The cost-effectiveness analysis (CEA) looks at the effectiveness of the measure in terms of the costs that government puts in. The CEA has thus a one criterion - one actor perspective. It looks at the effectiveness with regard to one specific goal.

The economic-effect analysis (EEA) or regional economic impact study (REIS) looks at the projects' impact on added value, employment and fiscal revenue. Input-output tables are used and indirect effects are captured through the use of multiplicators. The EEA is specifically designed for mapping of the government perspective and takes only three criteria of this particular stakeholder into account.

In conclusion we can state that the private investment analysis (PIA), the cost effectiveness analysis (CEA) and economic effects analysis (EEA) are not interesting if we want to include stakeholders into the analysis.

The social cost benefit analysis (SCBA) is grounded in welfare theory. It takes a wider societal perspective and in this sense it can also include the external costs of transport into the analysis.

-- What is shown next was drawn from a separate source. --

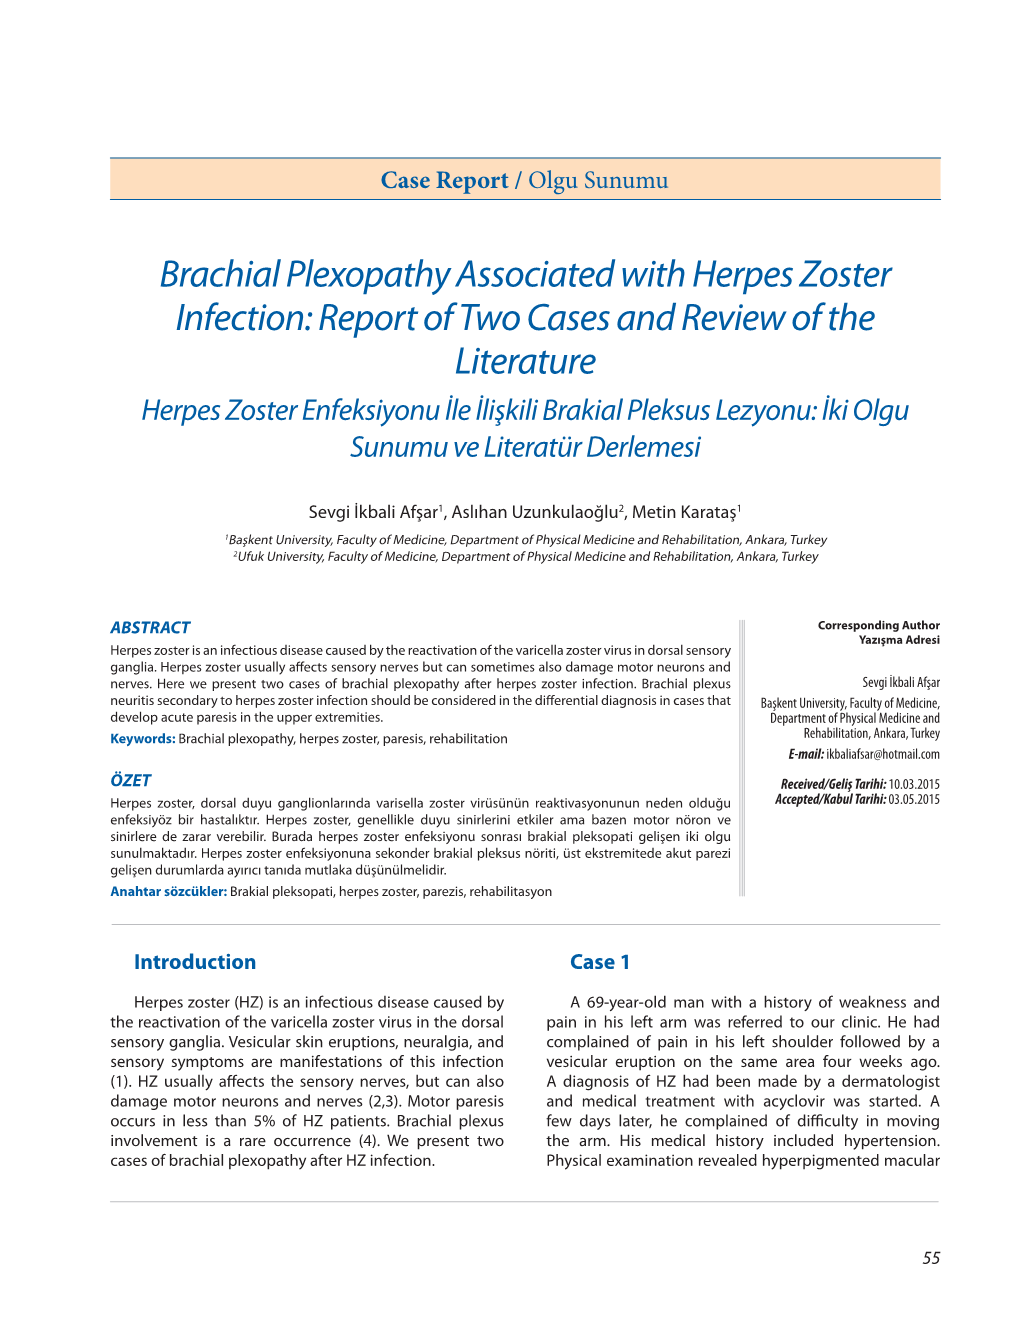 Brachial Plexopathy Associated with Herpes Zoster Infection

It is mainly used when there are only a few possible alternatives to be examined. A discount rate is used to calculate the net present value and the internal rate of return of the project. All the costs and benefits have to be expressed in monetary terms. Some of the external effects of transport are difficult to assess and translate in monetary terms. The SCBA is based on the compensation criterion. The introduction of a stakeholder analysis in a SCBA is in principle possible if the costs and benefits are structured according to the stakeholders. So for each stakeholder the costs and benefits would be listed and calculated. However, in the end of the process the costs of one stakeholder can be compensated by the benefits of another. The redistribution effects are not clearly coming out of such an analysis. This problem can be avoided by creating an end table per stakeholder so as to get a cost benefit analysis of the project per stakeholder. The problem of monetarisation will however exclude many more subjective or qualitative costs or benefits from the analysis.

The multi criteria decision analysis (MCDA) provides a framework to evaluate different transport options on several criteria. The concept of stakeholders was first introduced in MCDA by Banville et al. (1998) (1). As denoted by them the multi criteria analysis is useful for the introduction of the stakeholder concept. In their paper, a first framework for the introduction of the concept of stakeholders is introduced. They argue that certainly in the first three stages of a multi criteria analysis the concept of stakeholders can enrich the analysis, but they do not include the stakeholders within the methodology further on. The multi actor multi criteria analysis on the other hand does incorporate stakeholders in all stages of the analysis.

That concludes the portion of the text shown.